Now the output will look like:

correlated_subqueries-# SELECT id, parent_comment_id, added, replied_comment_id, content FROM comments_tree
correlated_subqueries-# ORDER BY path ASC;
 id | parent_comment_id |        added        | replied_comment_id |                  content                 
 
----+-------------------+---------------------+--------------------+------------------------------------------
-
  1 |                 1 | 2018-01-01 10:00:00 |                    | user_1 comment_id_1
  2 |                 1 | 2018-01-01 10:01:00 |                  1 |  admin answer to user_1 comment_id_1
  3 |                 1 | 2018-01-01 10:02:00 |                  2 |   user_1 answer to admin comment_id_2
  8 |                 1 | 2018-01-01 16:03:00 |                  3 |    admin answer to user_1 comment_id_3
 10 |                 1 | 2018-01-01 15:03:00 |                  8 |     admin answer to user_2 comment_id_8
 11 |                 1 | 2018-01-01 15:03:30 |                 10 |      admin answer to admin comment_id_10
 12 |                 1 | 2018-01-01 15:03:50 |                 10 |      user_3 answer to admin comment_id_10
 13 |                 1 | 2018-01-01 15:03:50 |                  2 |   user_3 answer to admin comment_id_2
  4 |                 4 | 2018-01-01 14:00:00 |                    | user_2 comment_id_5
  5 |                 5 | 2018-01-01 14:01:00 |                    | user_3 comment_id_6
  6 |                 5 | 2018-01-01 15:00:00 |                  5 |  user_1 answer to user_3 comment_id_6
  7 |                 5 | 2018-01-01 15:01:00 |                  5 |  user_2 answer to user_3 comment_id_6
  9 |                 5 | 2018-01-01 15:02:00 |                  7 |   admin answer to user_1 comment_id_7
(13 rows)

The hierarchical queries are quite nice feature present in the RDBMS. As shown in the first section they allow to work with hierarchical data structures, as for instance trees.

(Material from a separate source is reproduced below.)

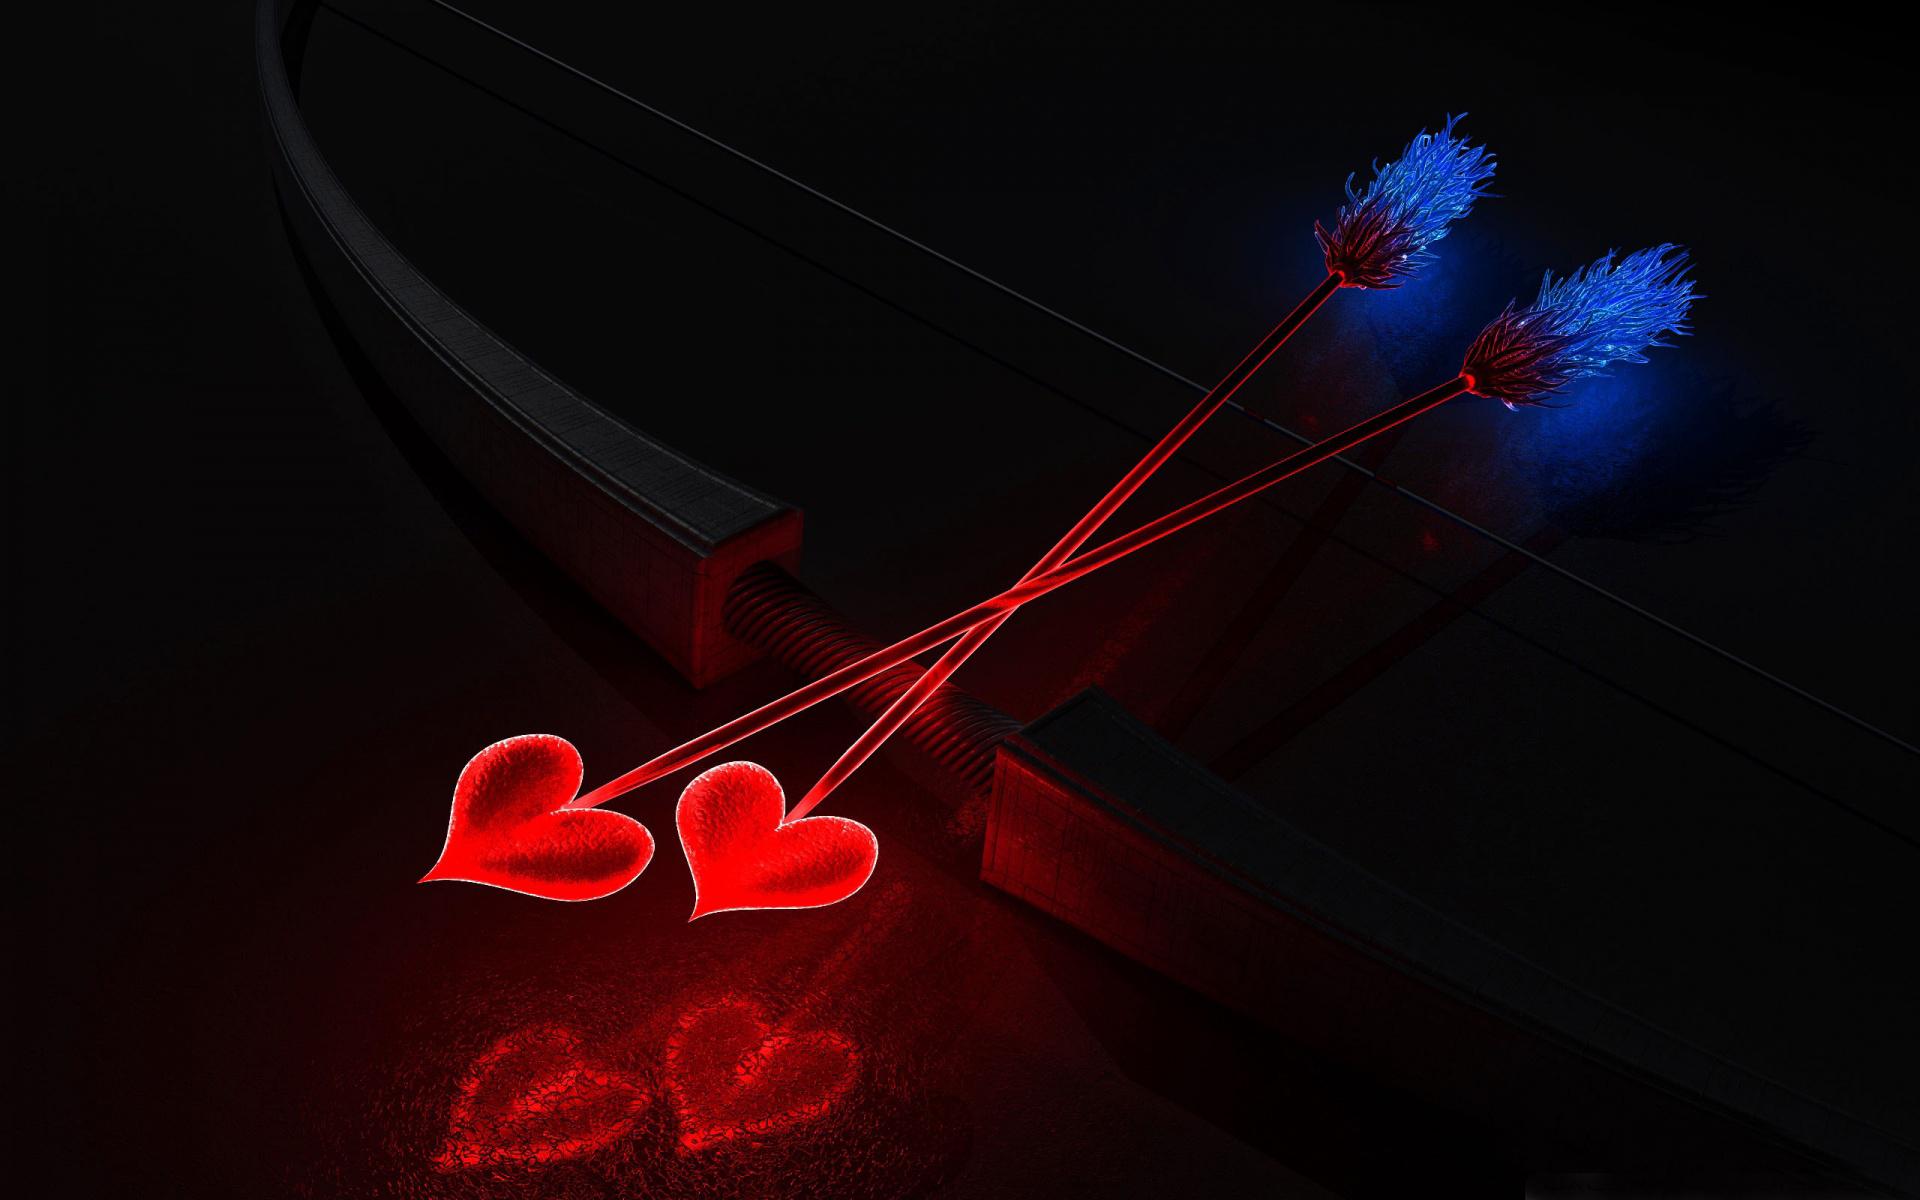 رومانسية 2015 1373245460142.jpg

One of great examples illustrating it is the genealogical tree. The second section shown a simple example of the hierarchical query simulating the for loop behavior. The last part was about more realistic use-case of a website comments returned through 3 different queries: one comment query and queries showing breadth-first and depth-first result generations.